The therapy uses the folate receptors on cancer cells as a sort of front door by pairing a substance attracted to the receptors with a chemotherapeutic agent too toxic to be given systemically, said Dr. Sharad Ghamande, Chief of the Section of Gynecology Oncology at Georgia Health Sciences University.
Large numbers of folate receptors typically indicate the most aggressive ovarian cancers, as well as a variety of other cancers such as breast, lung and kidney.
The combination, called EC145, delivers a Vinca alkaloid directly inside cancer cells, improving effectiveness while reducing side effects particularly in women who overexpress folate receptors. A similar approach of pairing the folate ligand, which is attracted to the receptor, with a drug that makes those receptors glow, enables physicians to see how many folate receptors are present and who would be the best candidates for this treatment.
“We think this offers women with platinum-resistant disease a well-tolerated, effective treatment at a time when other drugs have failed them,” Ghamande said. “We hope it will give them more quality time to meet important milestones, such as seeing a grandson graduate from high school.” He noted that the strategy likely could enable targeted delivery of other drugs.

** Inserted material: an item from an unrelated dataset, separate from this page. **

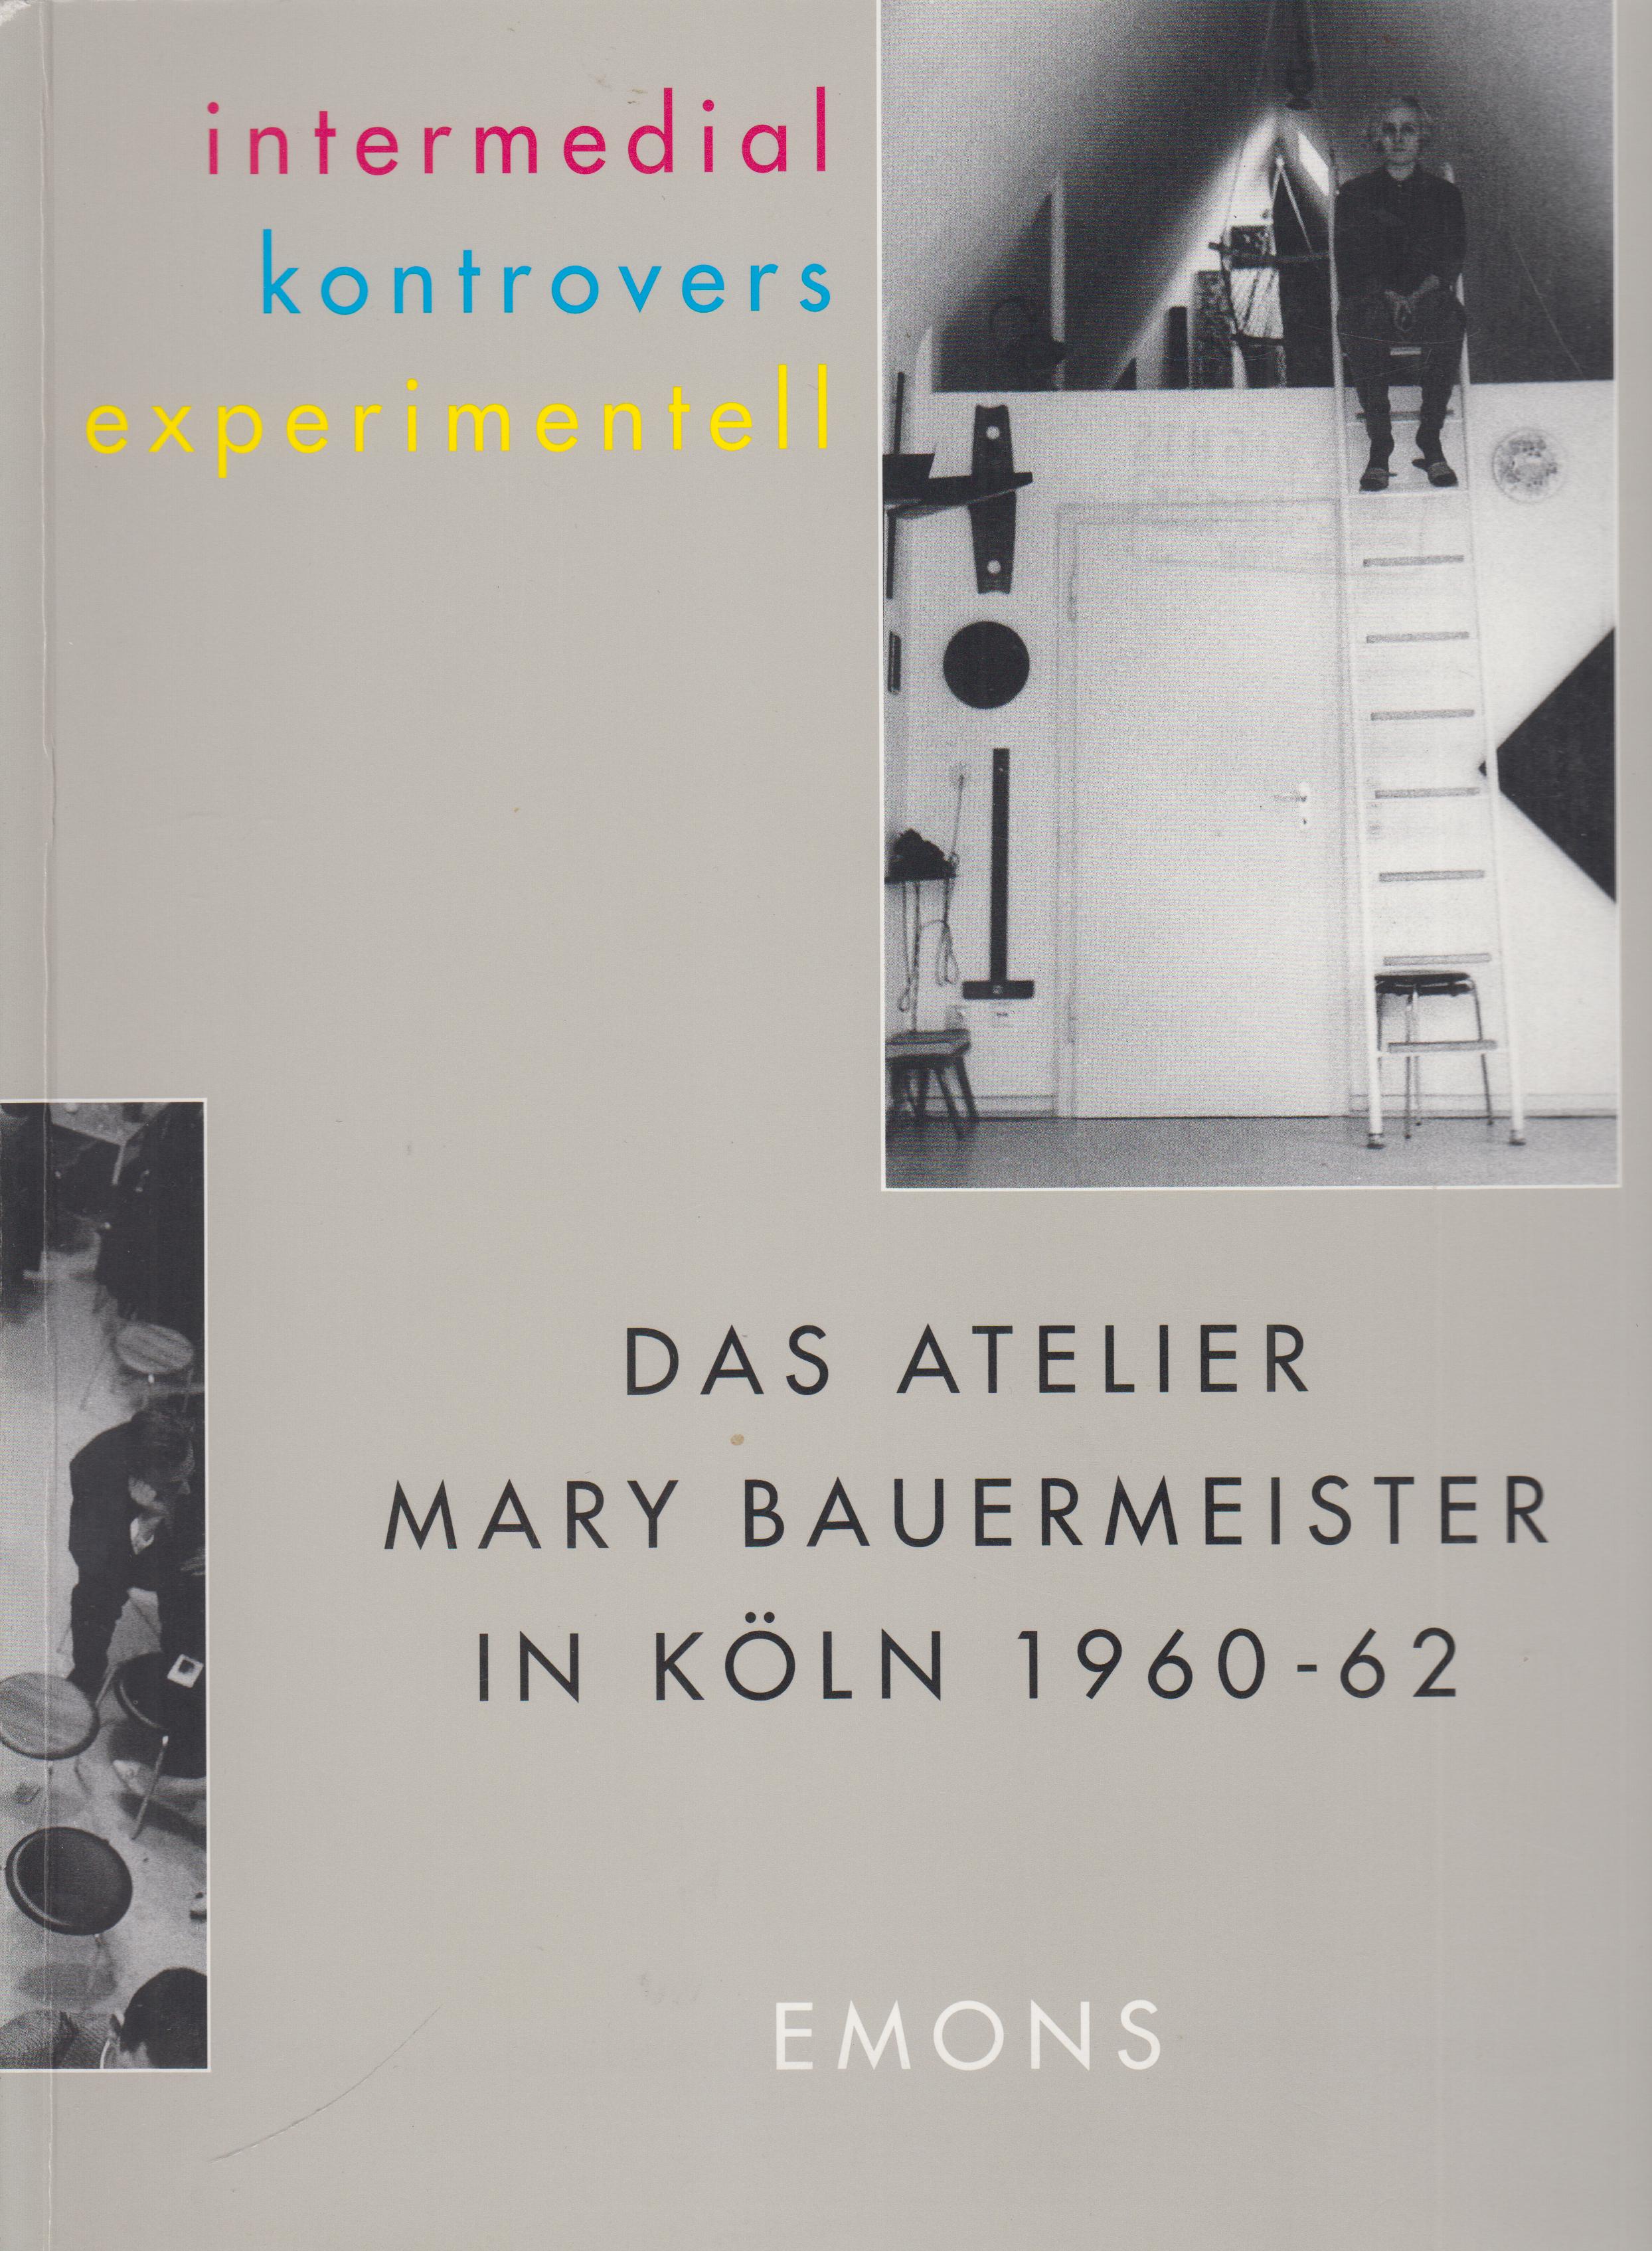 Intermedial, kontrovers, experimentell. Das Atelier Mary Bauermeister in Köln 1960-62.

Ghamande is presenting findings of the phase 2 clinical trial at an Oct. 27-29 meeting in Brussels of the European Organisation for Research and Treatment of Cancer-National Cancer Institute-American Society of Clinical Oncology Annual Meeting on Molecular Markers in Cancer. The study enrolled 149 patients at 65 centers in North America and Poland; GHSU was among the top enrollers.
Platinum-based drugs are the standard of care for ovarian cancer, which is typically diagnosed in the late stages because there is no good screening test, such as the Pap smear for cervical cancer. After surgery and a round of chemotherapy, most women go into remission, but it’s usually short-lived: about 70 percent of patients relapse within two years, Ghamande said. Physicians today often pair chemotherapeutic agents with biologic agents that bolster the immune response to try to improve outcomes. When women relapse or, inevitably, become platinum-resistant, they receive the chemotherapeutic agent Doxil.

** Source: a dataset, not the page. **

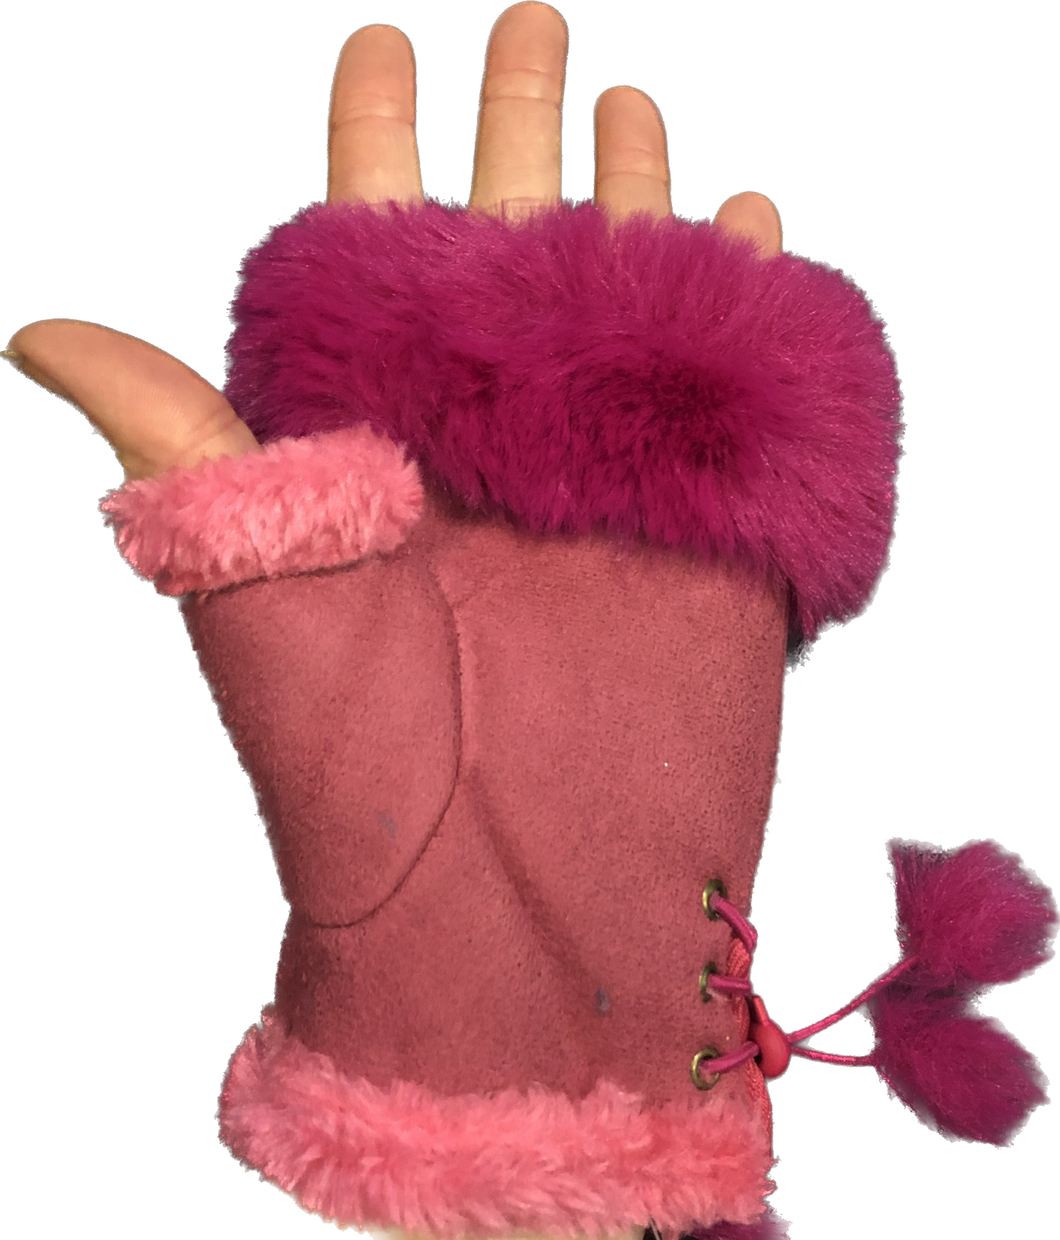 Fuchsia pink Faux Fur Trimmed Fingerless Gloves/mittens.

The study compared, women receiving Doxil to those receiving Doxil as well as EC145. They found those with the most folate receptors on their cancer cells benefited the most from the new therapy: their progression-free survival went from 6.6 to 24 weeks, a 72 percent improvement from the standard therapy. “There is a proof of concept because the more you folate receptors you overexpress, the better you do,” Ghamande said.
Folate, or folic acid, is a B vitamin that is a basic component of cell metabolism and DNA synthesis and repair. Cancer cells, which are constantly multiplying and adapting, need more of it than healthy cells.
A larger Phase 3 study is underway internationally. The research was funded by Endocyte, Inc.